Starting out forty years ago as a derisively-labeled avant-garde or even counter-culture string quartet, the Kronos Quartet is now firmly established as the most consistently influential and innovative new music ensemble, arguably of all time. The statistics on their recordings, commissions, world premieres, and collaborations with artists of every conceivable genre and culture are so staggering as to almost defy belief. Equally amazing is that three of the members, David Harrington and John Sherba, violins, and Hank Dutt, viola, have been with the group since its inception. Cellist Sunny Yang joined the group in June 2013.

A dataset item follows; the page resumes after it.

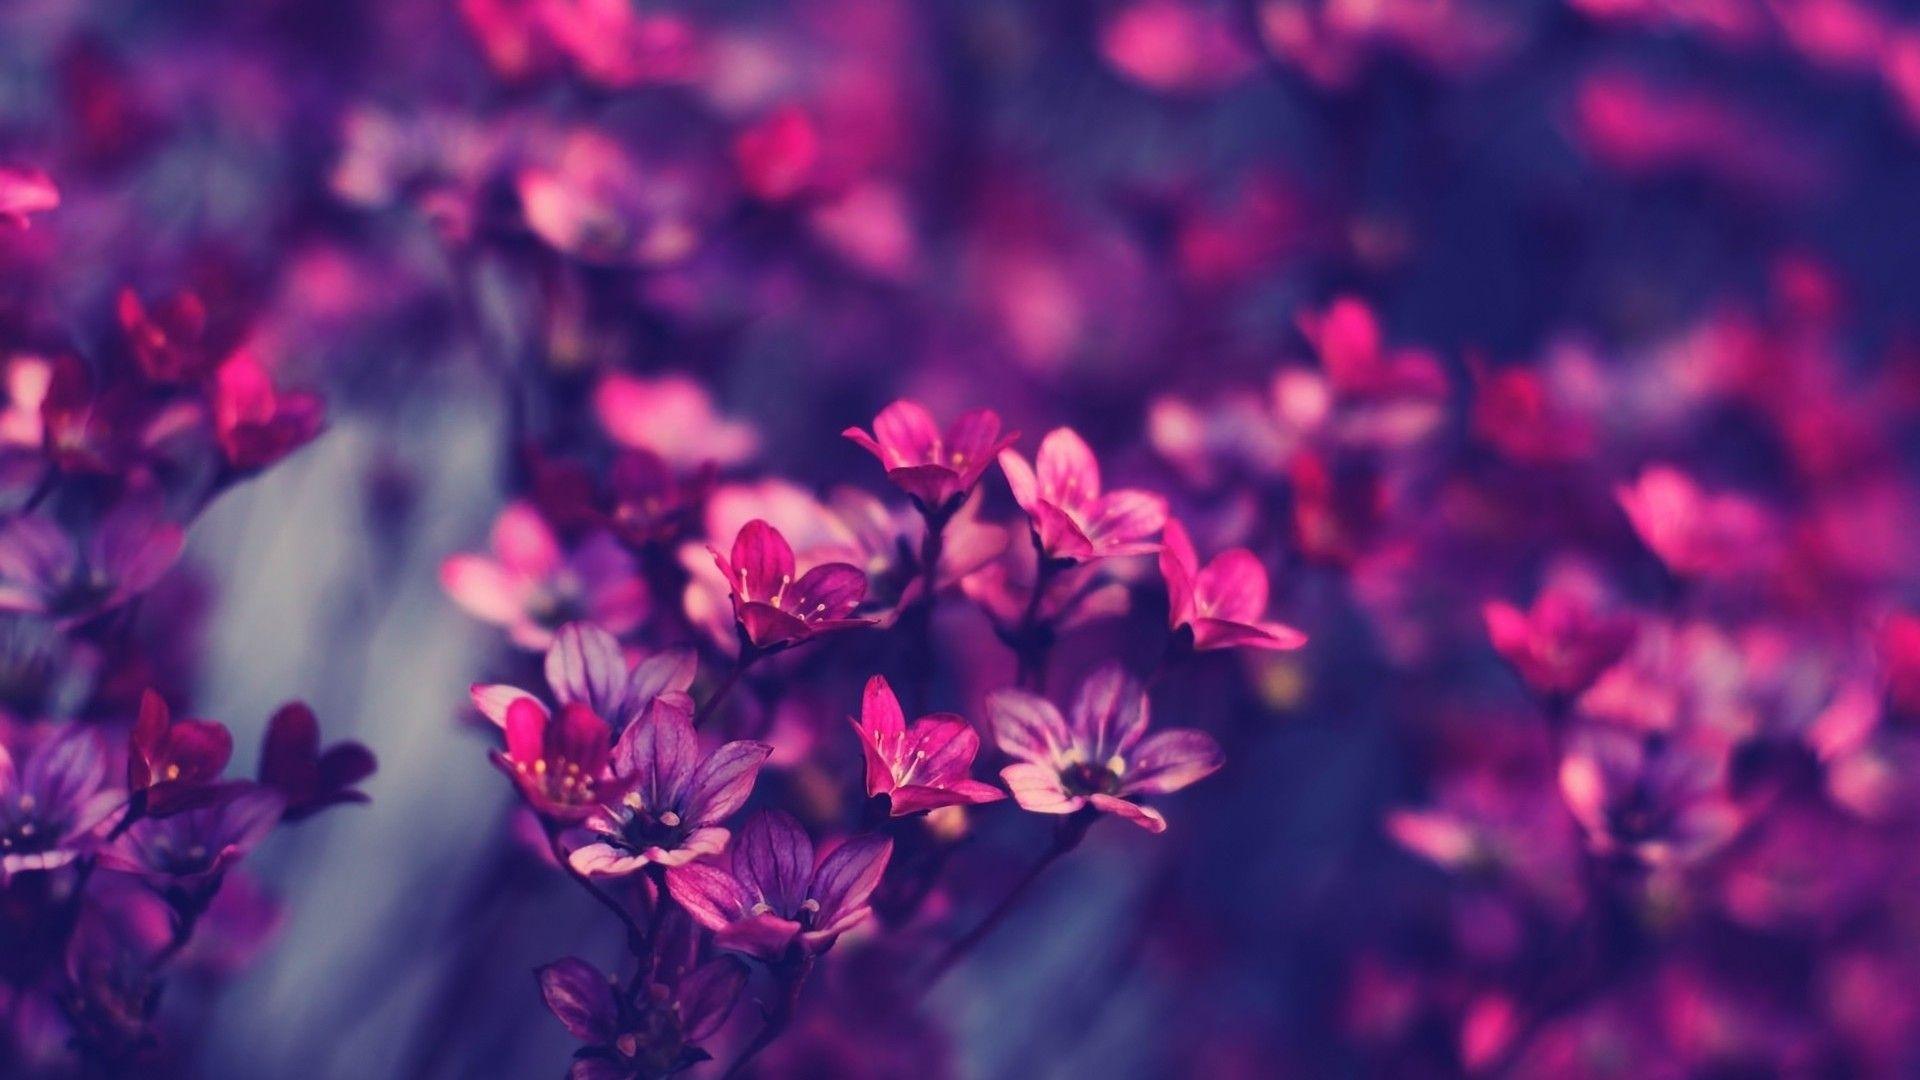 beautiful flower wallpaper hd 07639 - baltana

This program was, in part, a collaboration among Kronos, composer Aleksandra Vrebalov (b.1970) and filmmaker Bill Morrison.  This work, commissioned by Cal Performances, the National World War I Museum, and Dartmouth College, is another example of the enormous resurgence of live music performance accompanying a film. Considered anachronistic and hopelessly old-fashioned for decades, you can now barely find an orchestra’s season where they don’t include a similar concert. But, the Kronos Quartet, being who they are, made this an experience all together moving and unique.

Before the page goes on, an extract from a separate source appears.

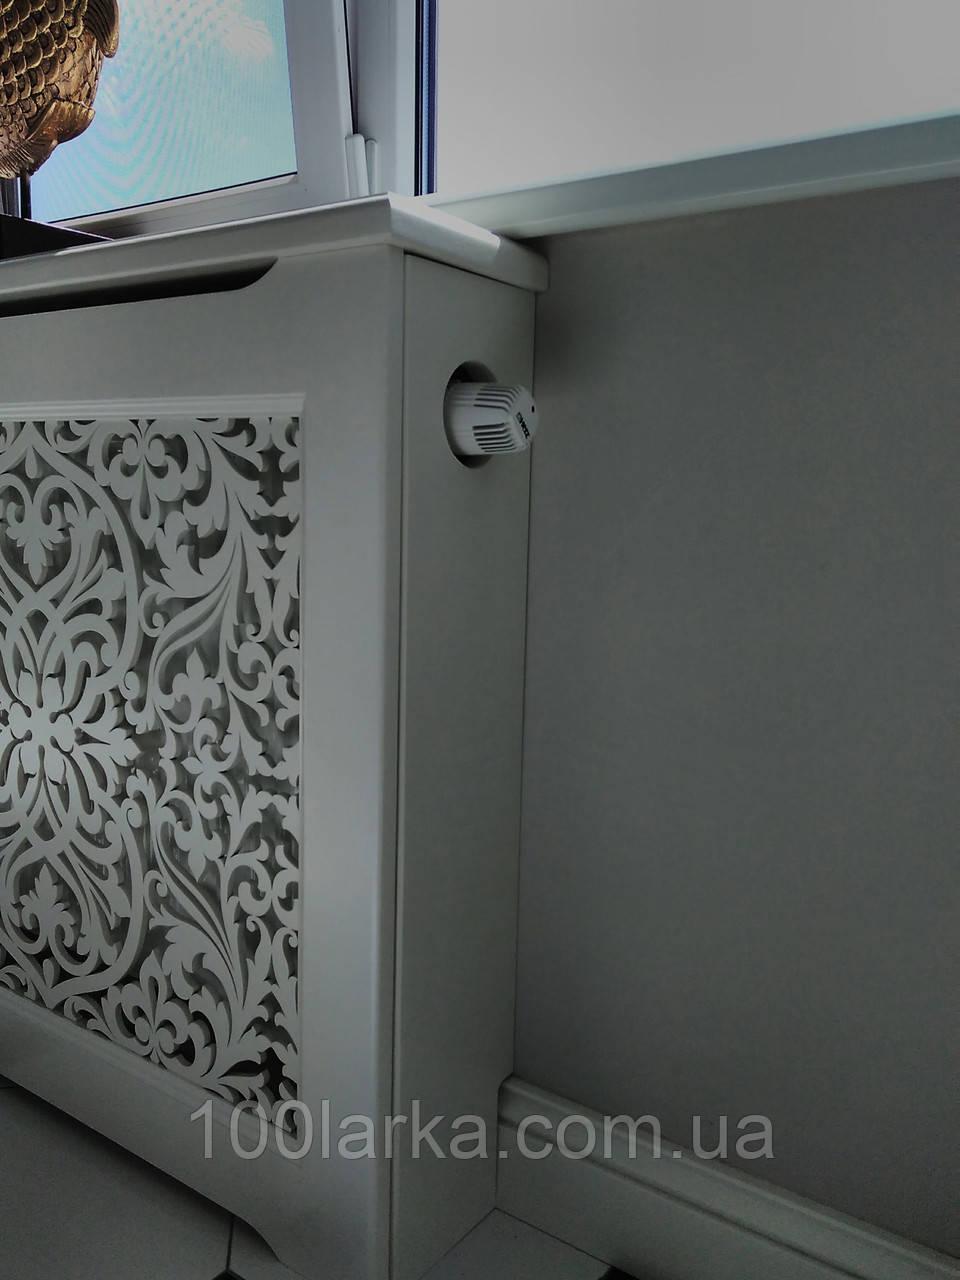 Экраны (короба) декоративные деревянные для батарей отопления решетка №18А

The program was actually a distinct triptych without the audience even realizing the structure. It’s not unusual to have music playing (usually generally going unnoticed) while the audience finds its seats, settles down, and waits for a performance to begin. The difference here was that what was being played was part of the concert. Basically, we were hearing examples of the earliest recordings from around 100 years ago: Edison cylinders and lesser-known devices with scratchy sounds of Chinese opera, Casals playing the first recording of the Bach suites, Rachmaninoff solos, and others. What a revolutionary concept that must have been!

Kronos came out and proceeded to play a remarkably eclectic mix of works that were written during the period of World War I, 1914-18, or whose composers flourished then. But first there was an eerie and other-worldly (I guess to Western ears) Byzantine chant by Vrebalov, the featured composer for the film at the end of the program. Harrington played a cantor-like modal plea while the others either had drones or spare sustained chords floating beyond.

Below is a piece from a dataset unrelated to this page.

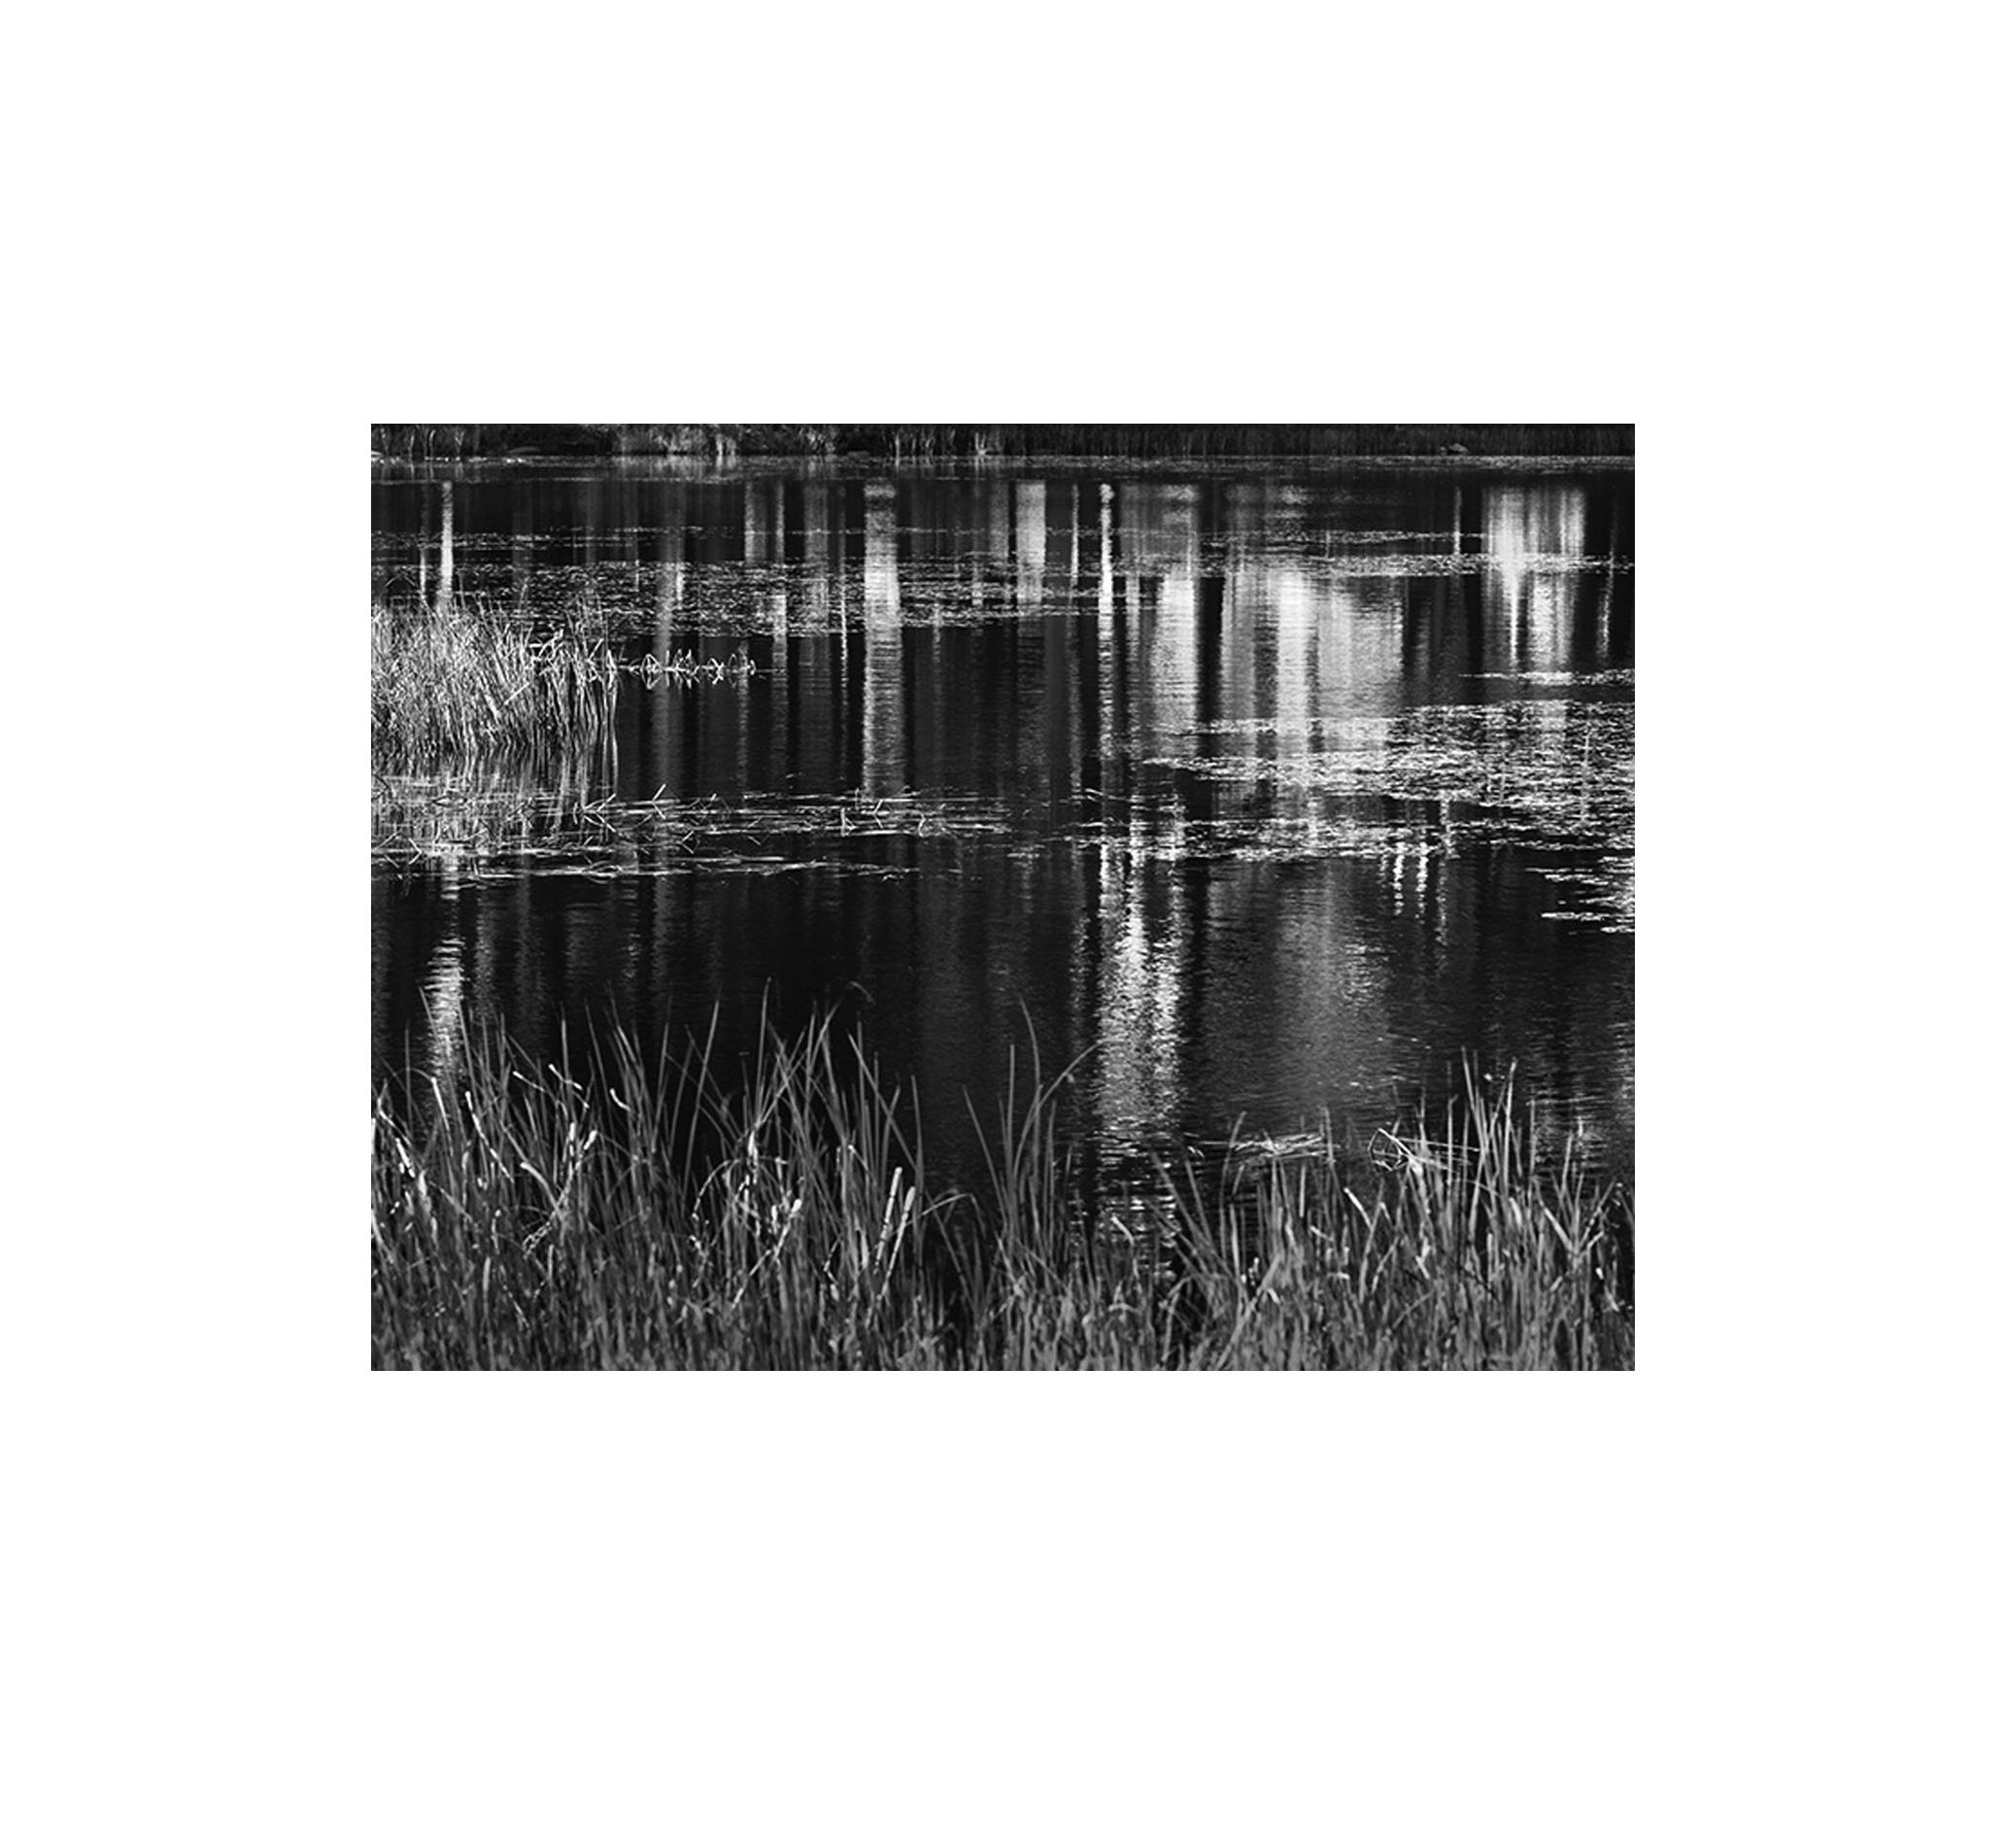 Water Rhythms

Igor Stravinsky’s Three Pieces for String Quartet, has the composer in the midst of his great ballet successes and his developing neo-classical style, and Kronos played it just as Stravinsky demanded: according to the composer’s directions, no personal emotion permitted!

You cannot attend a Kronos Quartet concert without encountering composers and works you’ve never heard of, and that’s what’s so exciting about their performances. This program’s “unknowns” were Geeshie Wiley and Tanburi Cernil Bey. Wiley was a female American blues singer and guitarist and her “Last Kind Words” was an example of the way blues can be played by strings. Bey was an influential Turkish composer whose music allowed the group to demonstrate their fidelity to authentic performance practices of other cultures. They also revisited the very first piece they ever performed, more than forty years ago: the highly compressed, blink and you’ll miss it, Six Bagatelles, Op. 9, by Anton Webern. Perhaps the most unusual – and rare – work was Kronos playing a distinctly Charles Ives-like accompaniment to the composer himself singing his song “They are There! Fighting for the People’s New Free World.” That tittle was meant to be sarcastic as Ives was virulently anti-war, proclaiming, “Most wars are made by small stupid selfish bossing groups while the people have no say.”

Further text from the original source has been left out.